Information shown: Begin
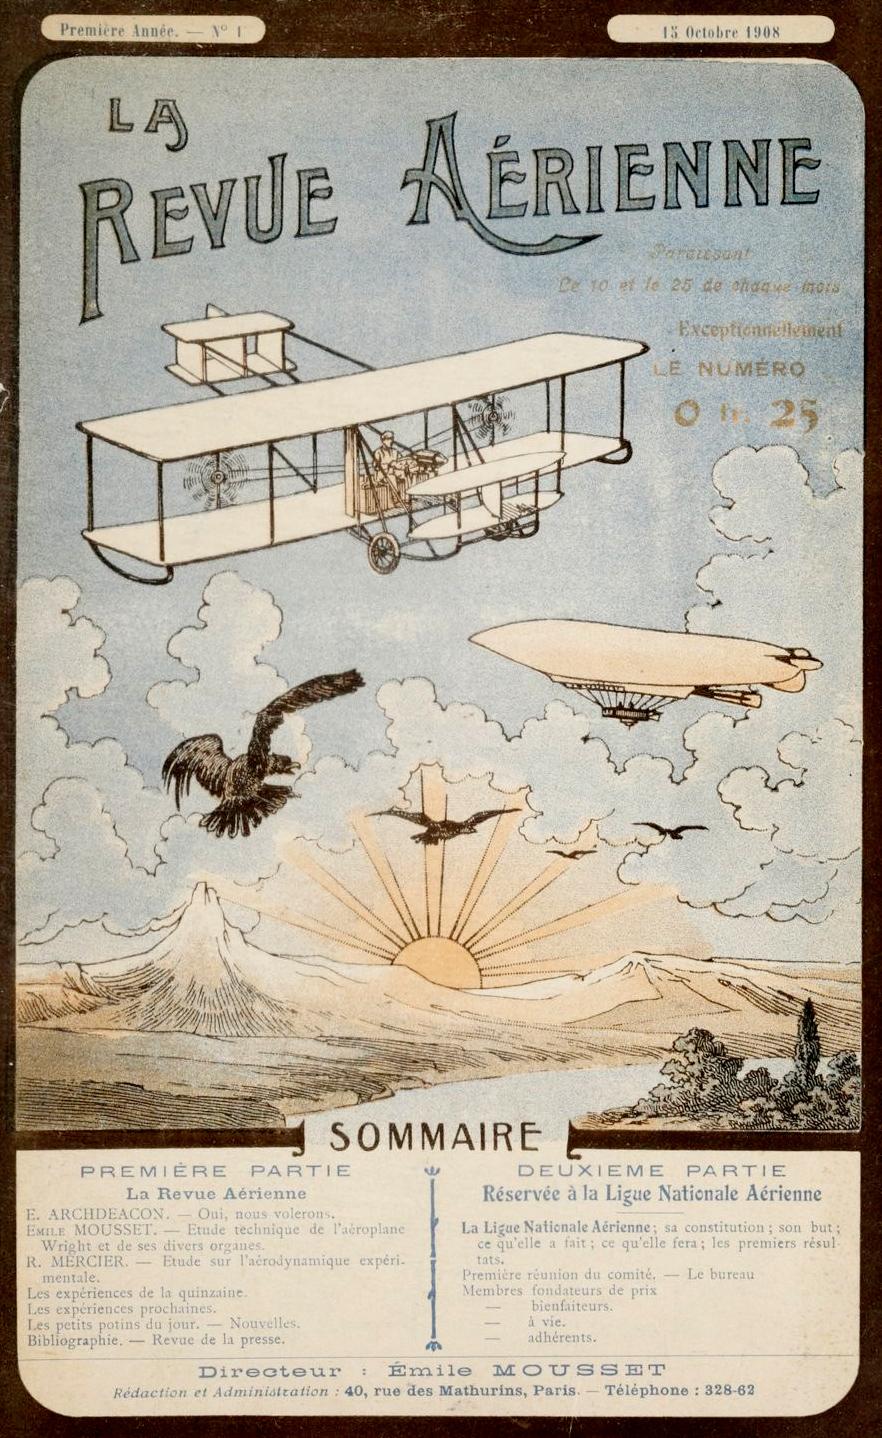 La_Revue_aérienne_1908-10-15
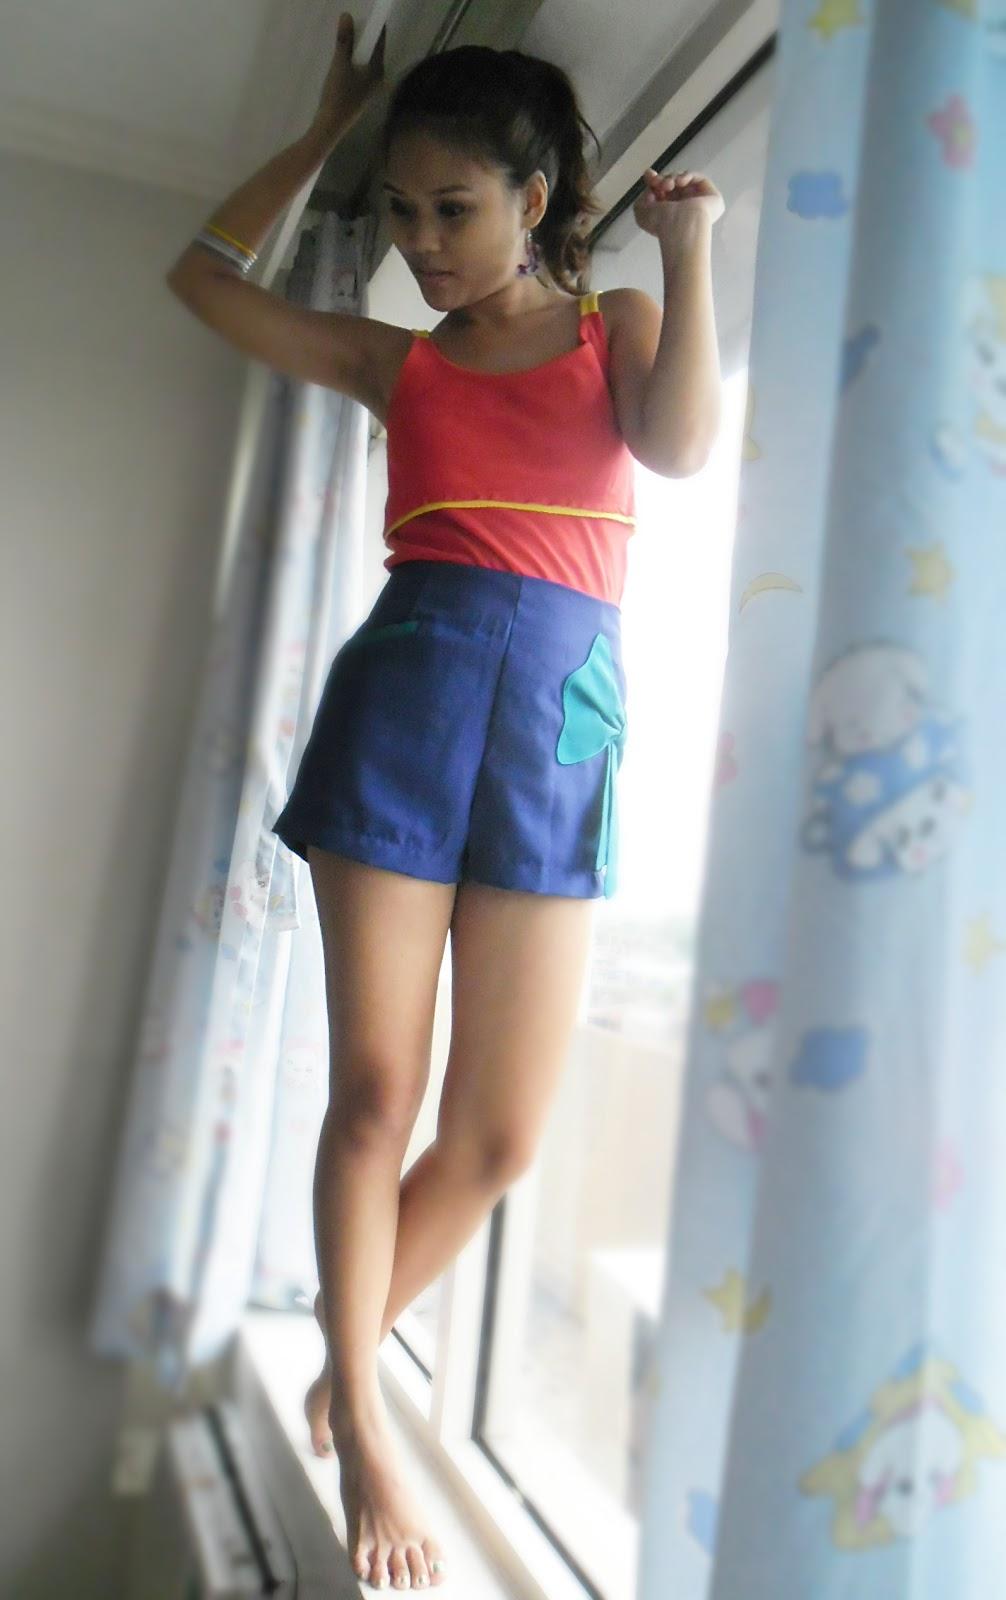 14yo girl
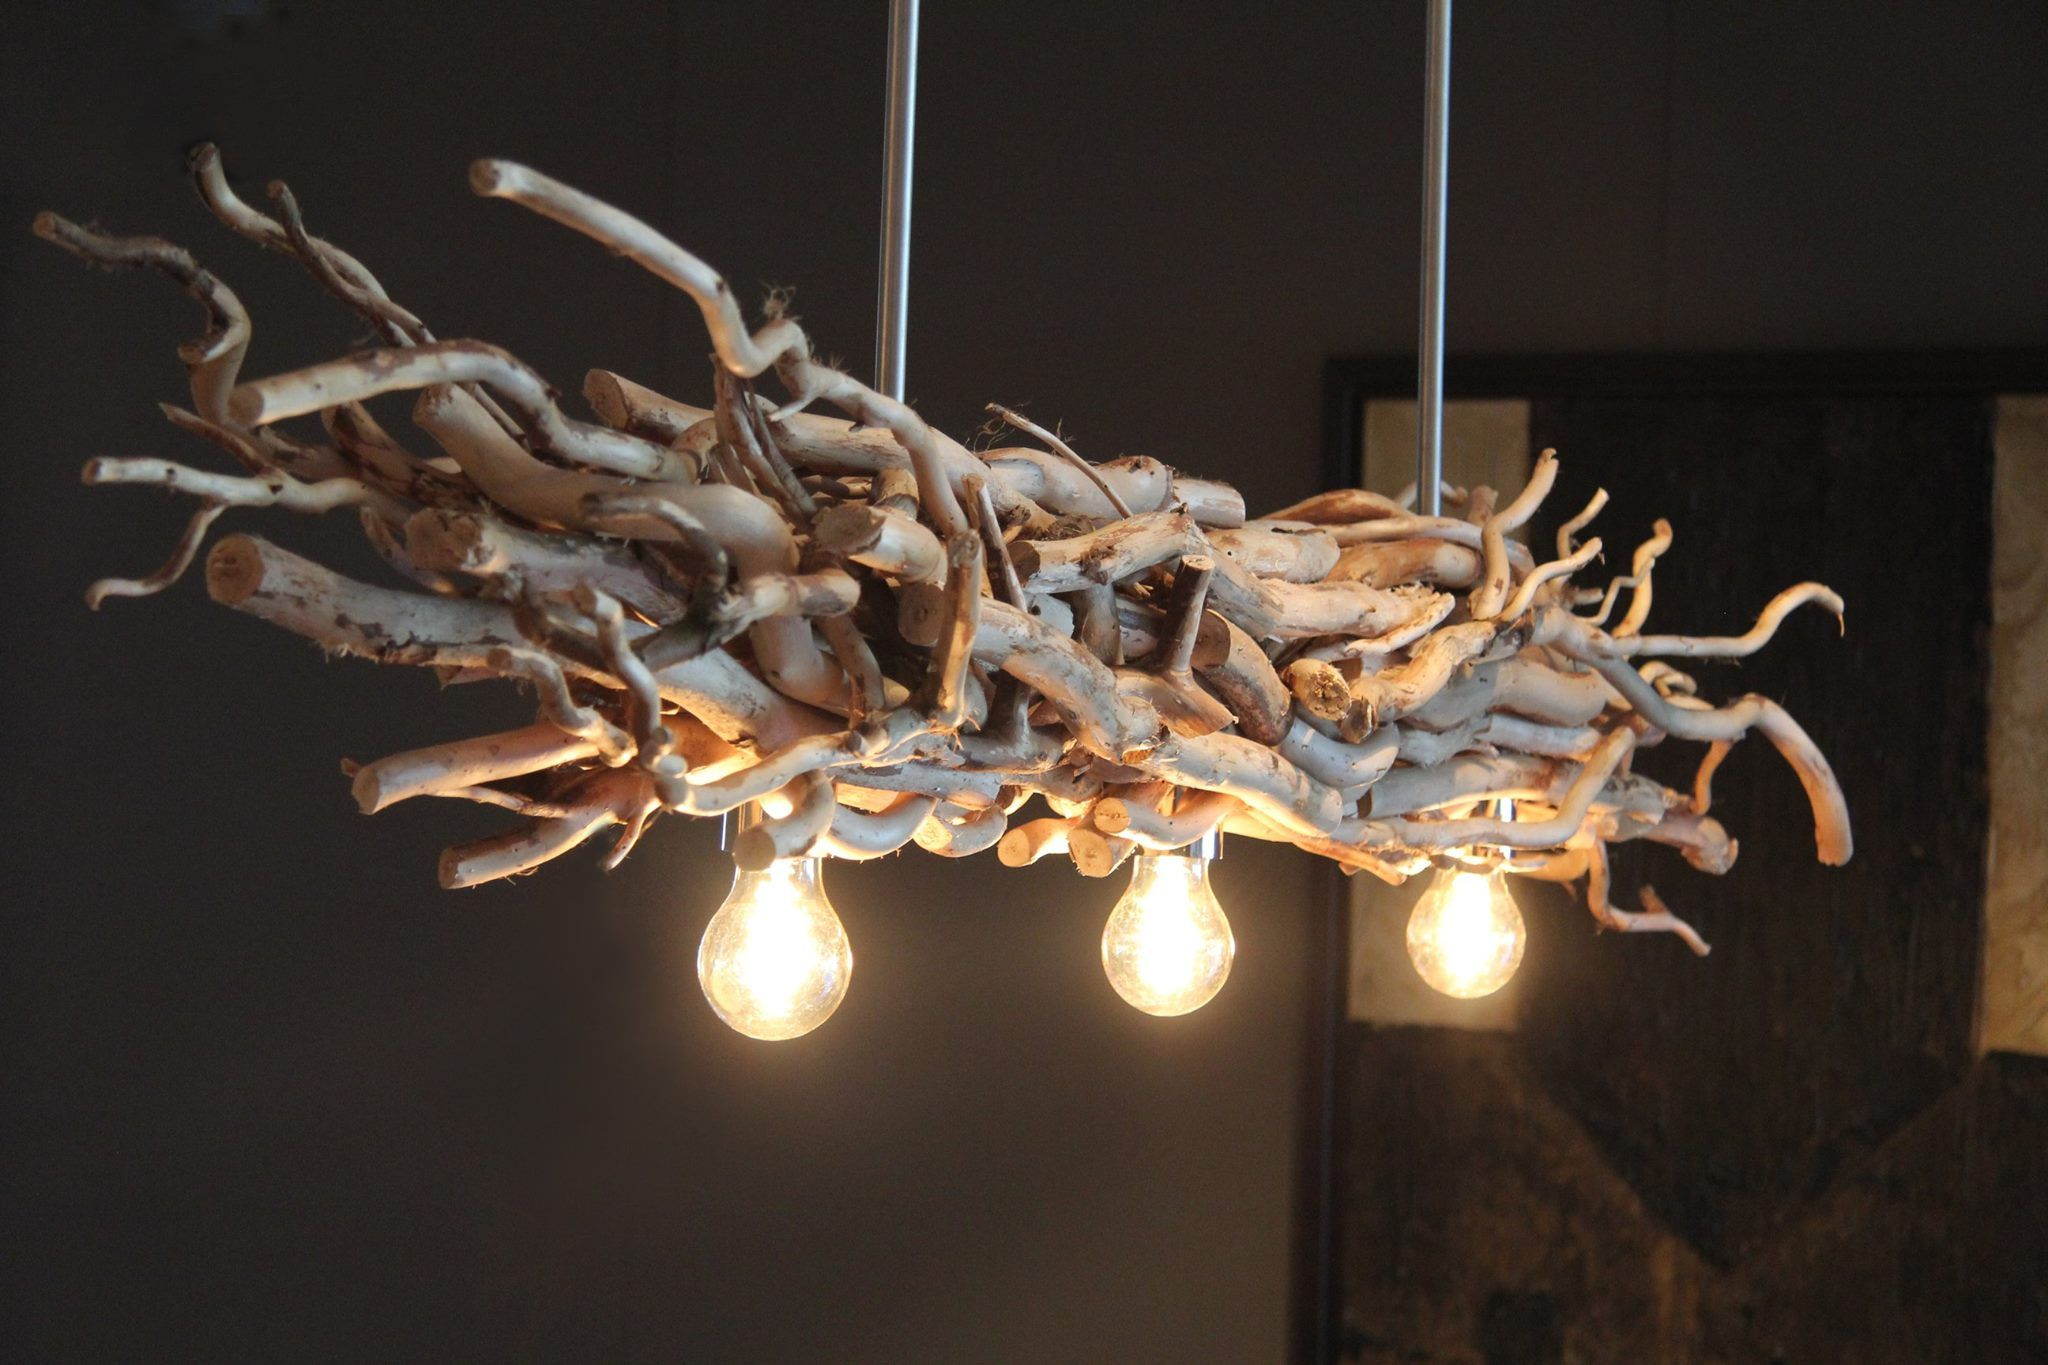 Hangeleuchte Mit Naturlichen Deko Asten Www Holz Lampen Com Holzlampe Hangeleuchte Lampen
Information shown: End
Reproduce the data word for word; no pictures.

Exercise response:
 La_Revue_aérienne_1908-10-15
 14yo girl
 Hangeleuchte Mit Naturlichen Deko Asten Www Holz Lampen Com Holzlampe Hangeleuchte Lampen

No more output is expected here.